Currently, the normal form has two failings:

  • not array-SSA, so array updates and merges are not currently extracted during normalization. However, it would be quite simple to implement a transformation on the current SSA form to bring it into array-SSA.
  • not functionally readable; it is still somewhat complex to extract functional properties from imperative code in this normal form (see SemanticExtractor). It would be interesting to extract a Fold-normal form from this SSA form in order to improve such analysis.

Supported Languages

We currently have parsers for

  • Java
  • Scala
  • Query language (a super-set of Scala with support for Quasiquote-like holes in the source)
  • Compatibility parser for DevMine JSON ASTs that can support any language the DevMine project parses (we currently only ship the Go parser)
  • JavaScript

We also have plans to support Python in a possibly near future.

Adding parsers

New parsers simply need to extend the devsearch.parsers.Parser trait and provide both

def language: String
def parse(source: Source): String

methods. If one wishes to reap the benefits of automatic language detection to extend support for language-agnostic queries, the new parser with associated meta-data should be added to devsearch.parsers.Languages.orderedLangList as well. The language detection if performed by the devsearch.features.QueryRecognizer object.

Feature Extraction

Feature extraction consists in extracting a set of identifiers from a given source code AST. Each feature is associated to a code position (user/repo/path:line) that can then be used to build feature indexes and similarity models between different ASTs. Basically, a feature is simply a key with a well-defined equality function along with the position in the AST at which it was extracted:

trait Feature {
  def pos: CodePiecePosition
  def key: String
}

We provide a helper object devsearch.features.FeatureRecognizer that can be used to extract all features from a given AST through apply(ast: AST).

Adding extractors

New feature extractors must extend the devsearch.features.FeatureExtractor trait and provide the

def extract(data: CodeFile): Set[Feature]

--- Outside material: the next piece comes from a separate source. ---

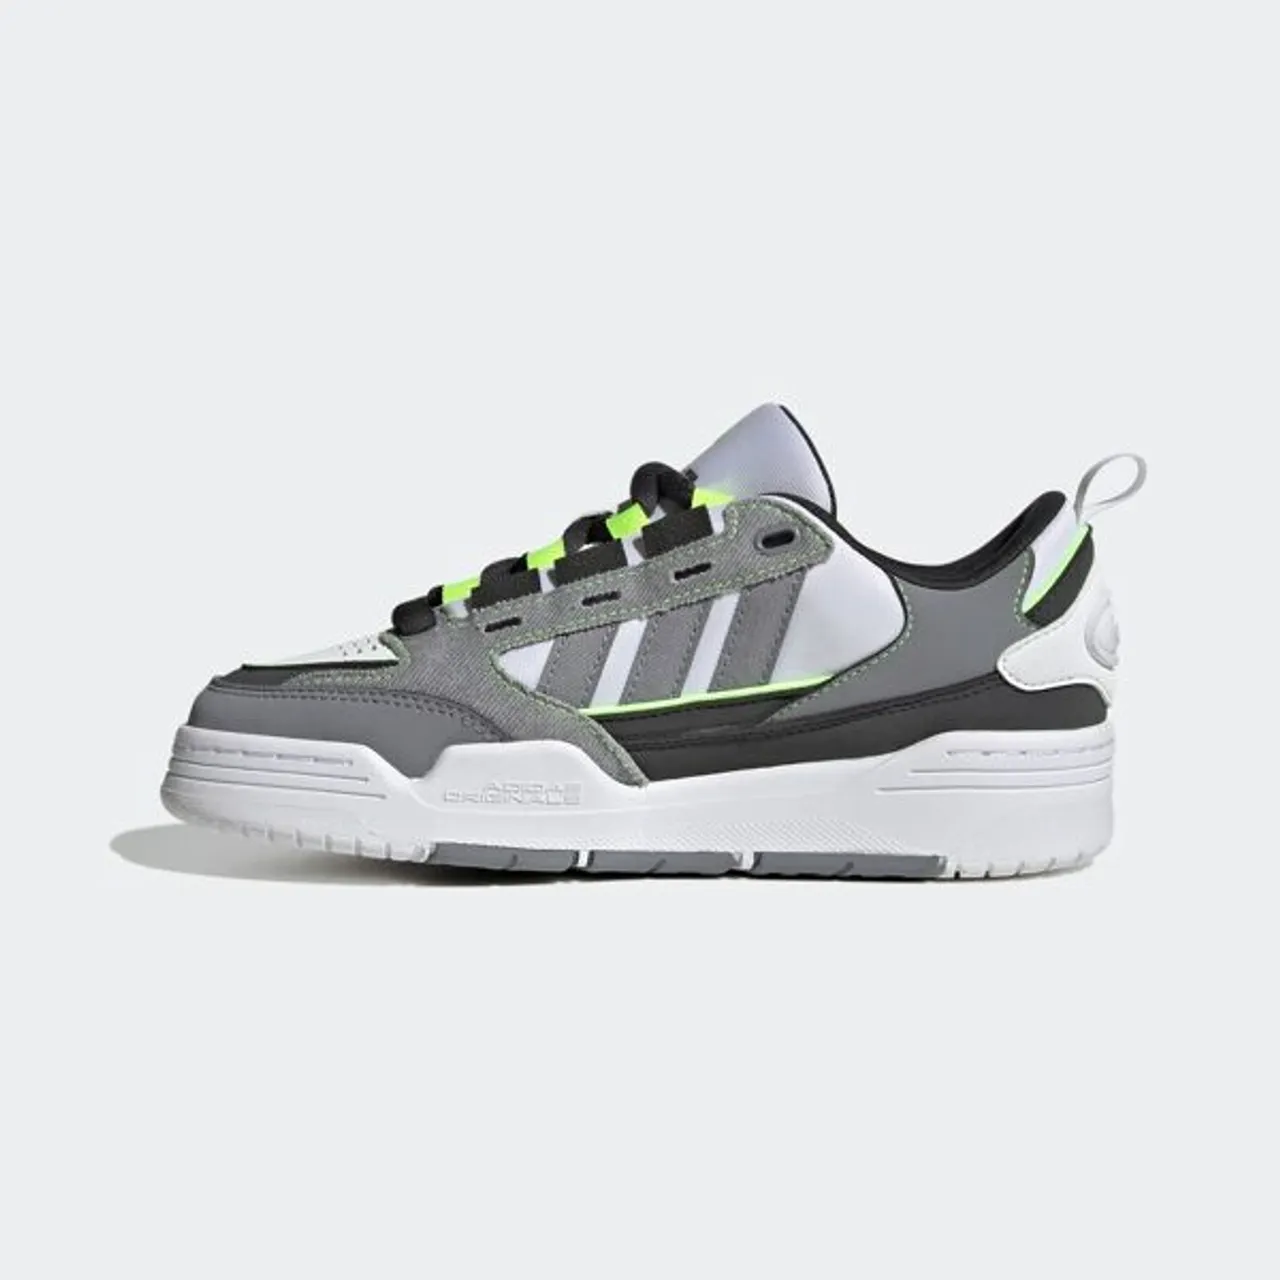 Sneaker ADIDAS ORIGINALS "ADI2000 KIDS" Gr. 38, weiß (cloud white, grey, core black) Kinder Schuhe Sneaker

method that will (typically) traverse data.ast to accumulate code features. Note that our features are positioned in the code to enable precise subsequent lookups in the source-code. This is linked to the Feature.pos described above and to build positions one should use the data.location.at(tree.pos) construction (see existing feature extractors).

In order to add the new extractor to the set of extractors applied by FeatureRecognizer, the extractor must be added to the extractors set in the FeatureRecognizer object here.